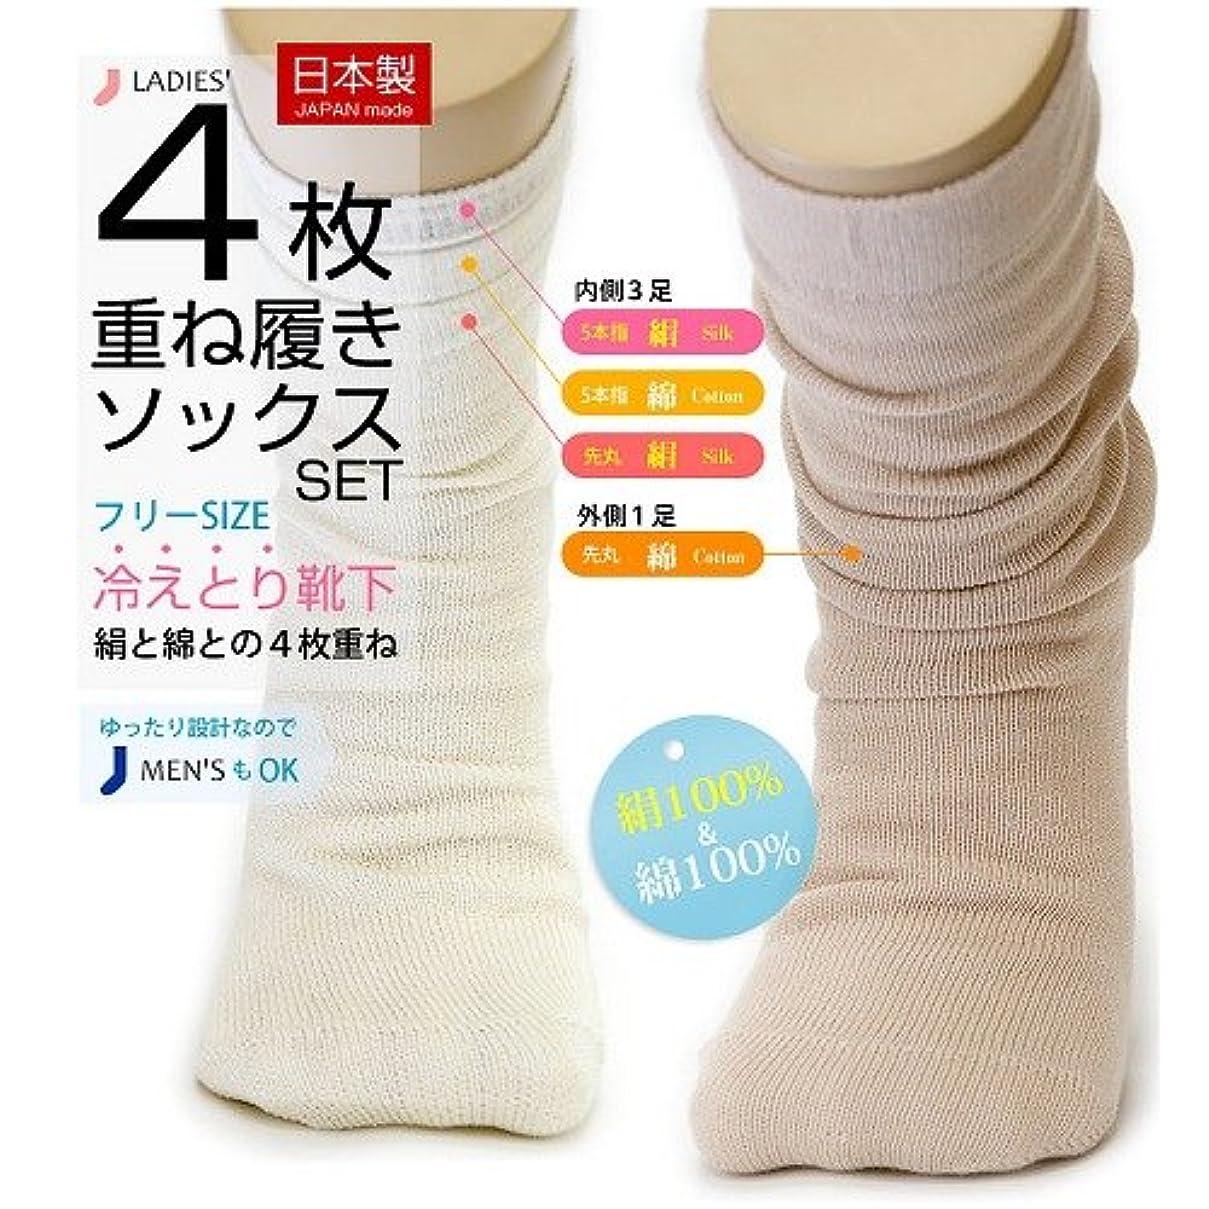 アルコーブ旅客シールド冷え取り靴下 綿100%とシルク100% 最高級の日本製 4枚重ねばきセット(外側チャコール)
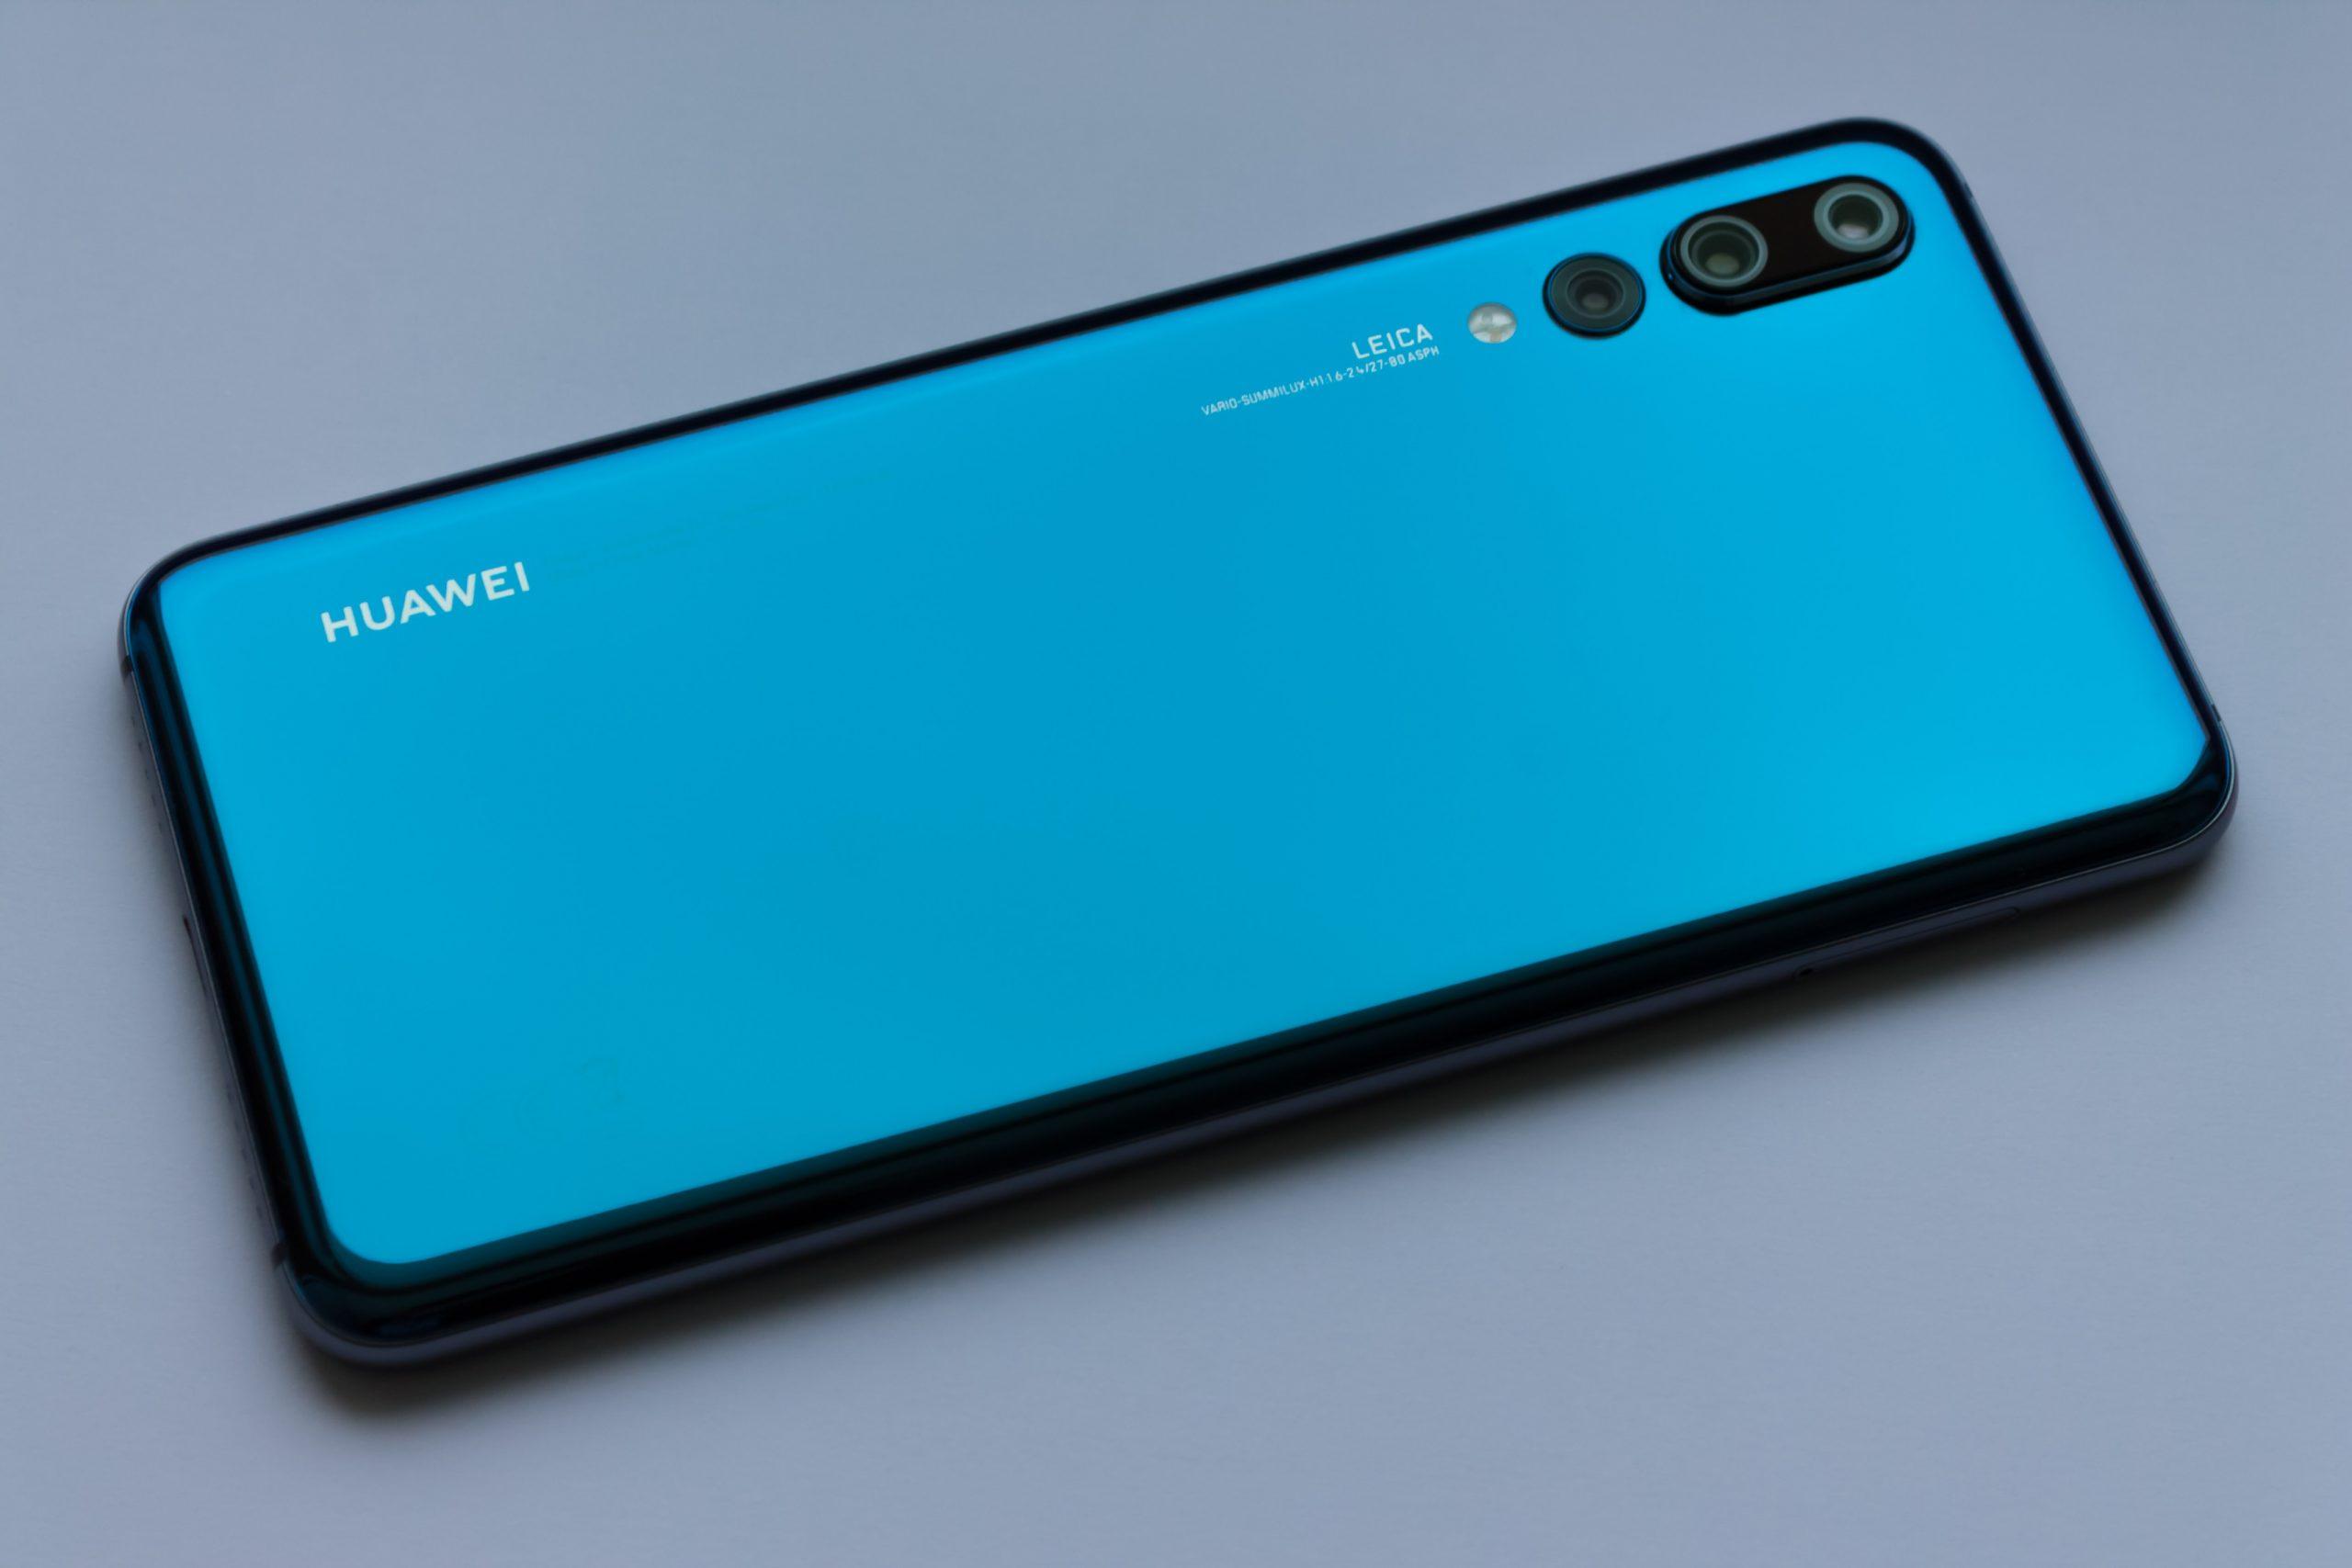 Móviles Huawei: ¿Cuál es el mejor del 2020?
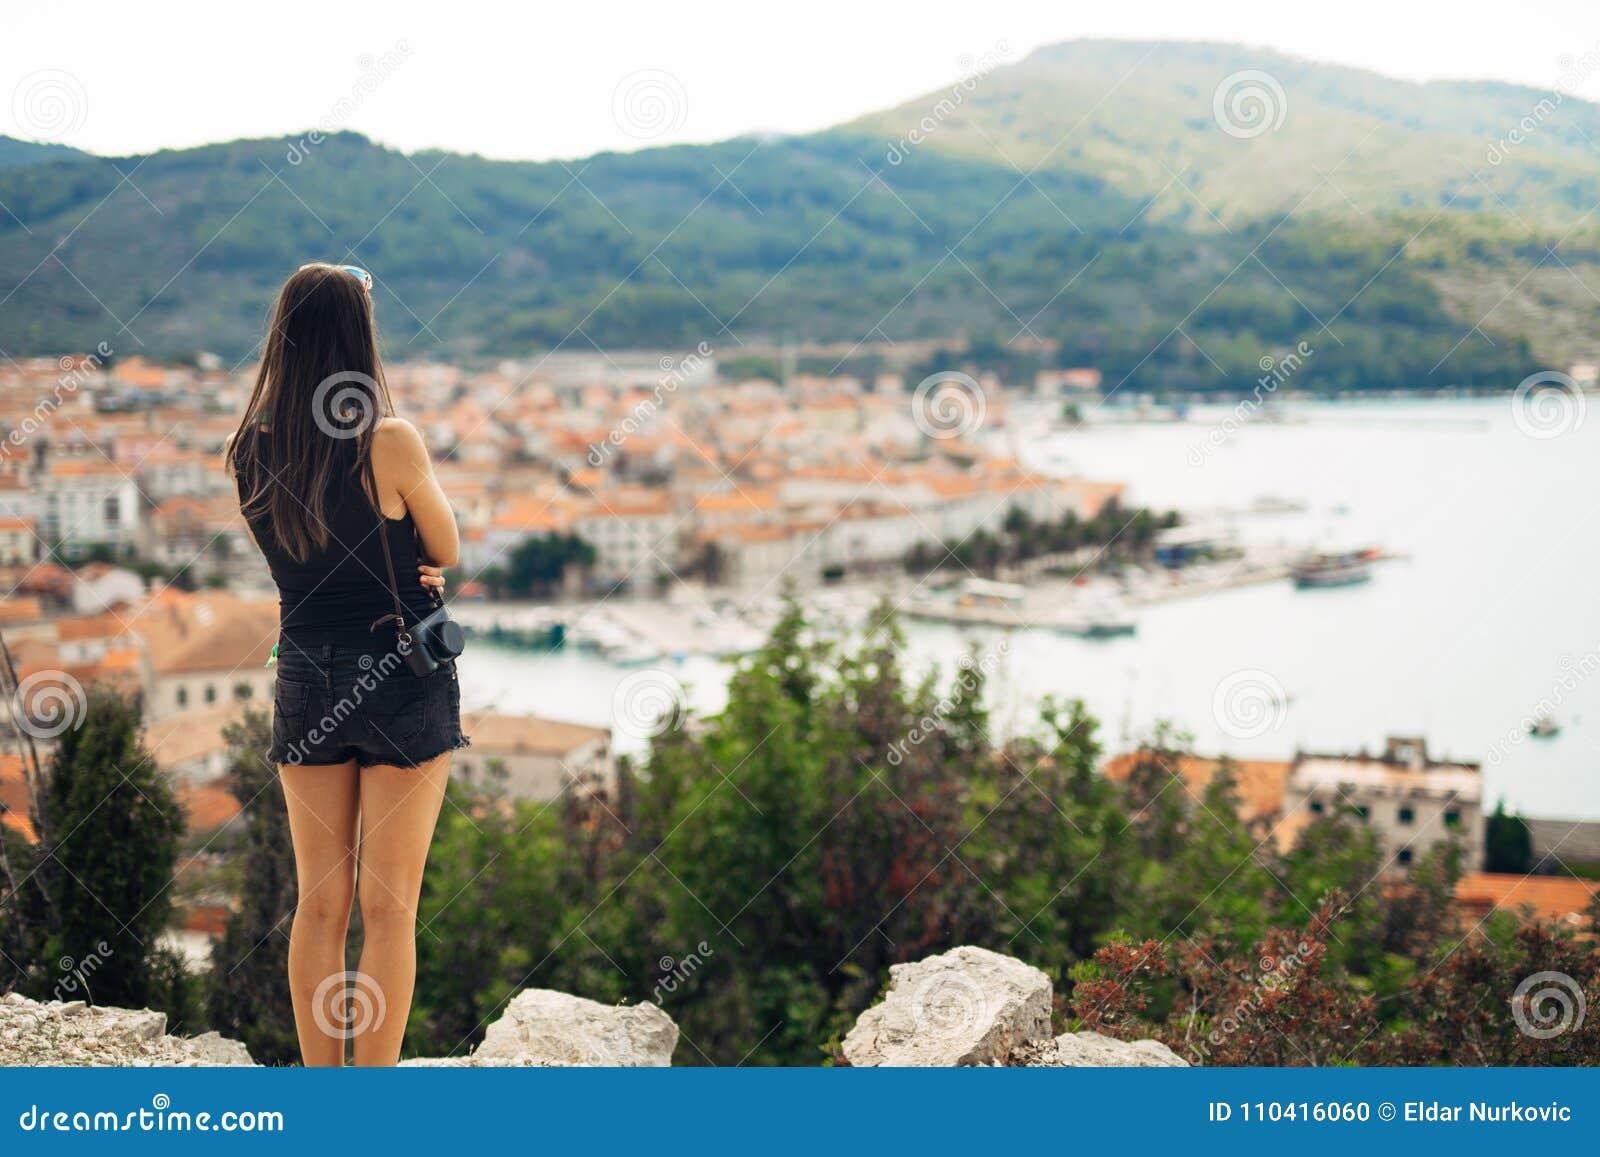 Jeune femme de sourire voyageant et visitant l Europe Été voyageant l Europe et la culture méditerranéenne Rues colorées, vieille
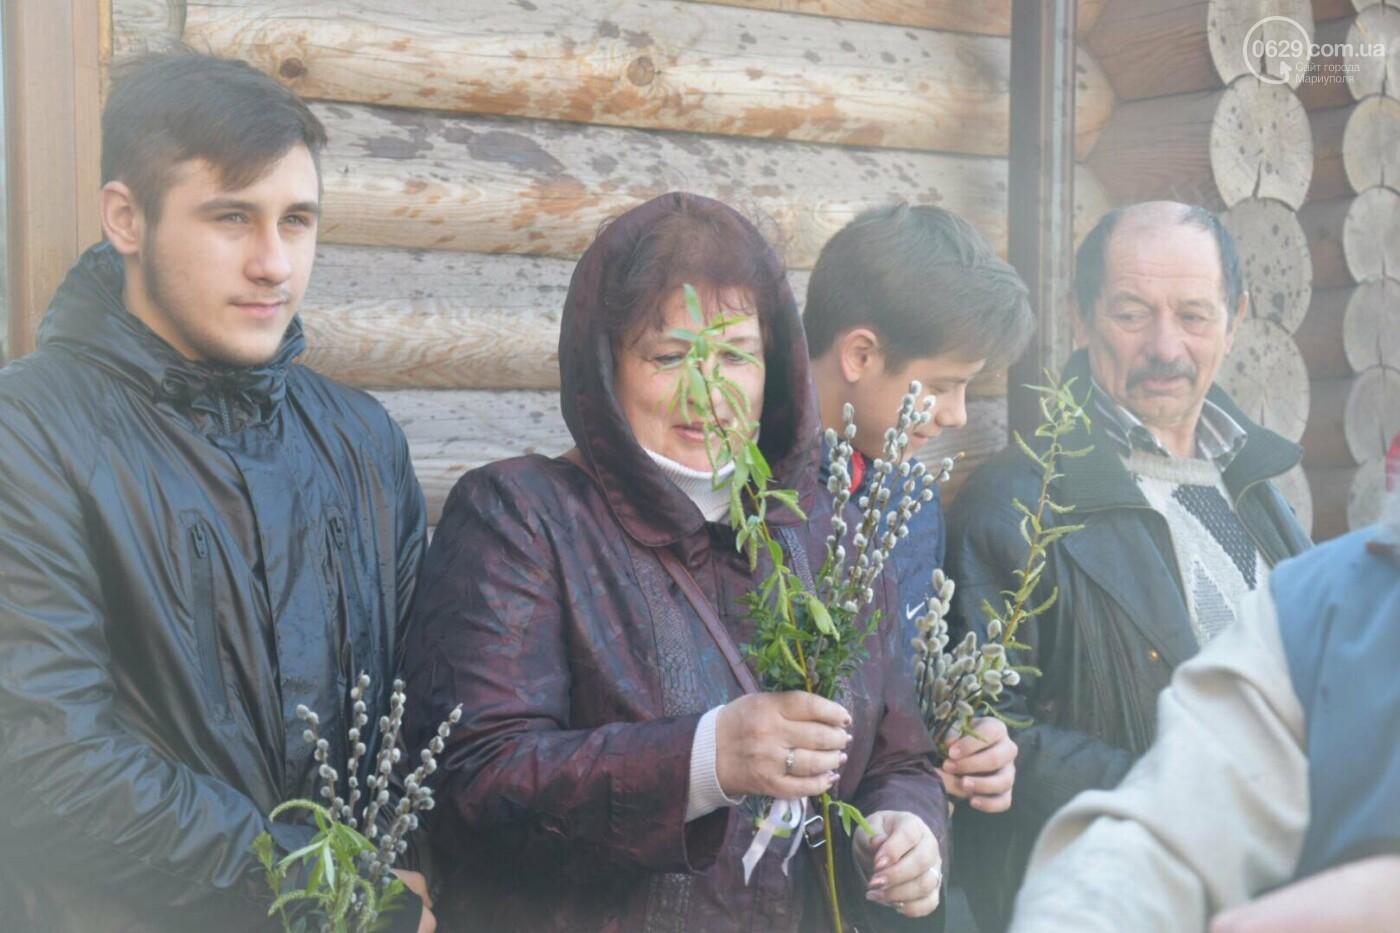 Выборы и верба: как Мариуполь празднует православный праздник, - ФОТОРЕПОРТАЖ, фото-14

★ ★ ★

**Task:**
From the line that contains "Móviles Huawei: ¿Cuál es el mejor del 2020?" to the end of the listing, give every line again exactly as written. Leave the pictures out.

**Output of the task:**
 Móviles Huawei: ¿Cuál es el mejor del 2020?
 Jeune femme de sourire voyageant et visitant l Europe Été voyageant l Europe et la culture méditerranéenne Rues colorées, vieille
 Выборы и верба: как Мариуполь празднует православный праздник, - ФОТОРЕПОРТАЖ, фото-14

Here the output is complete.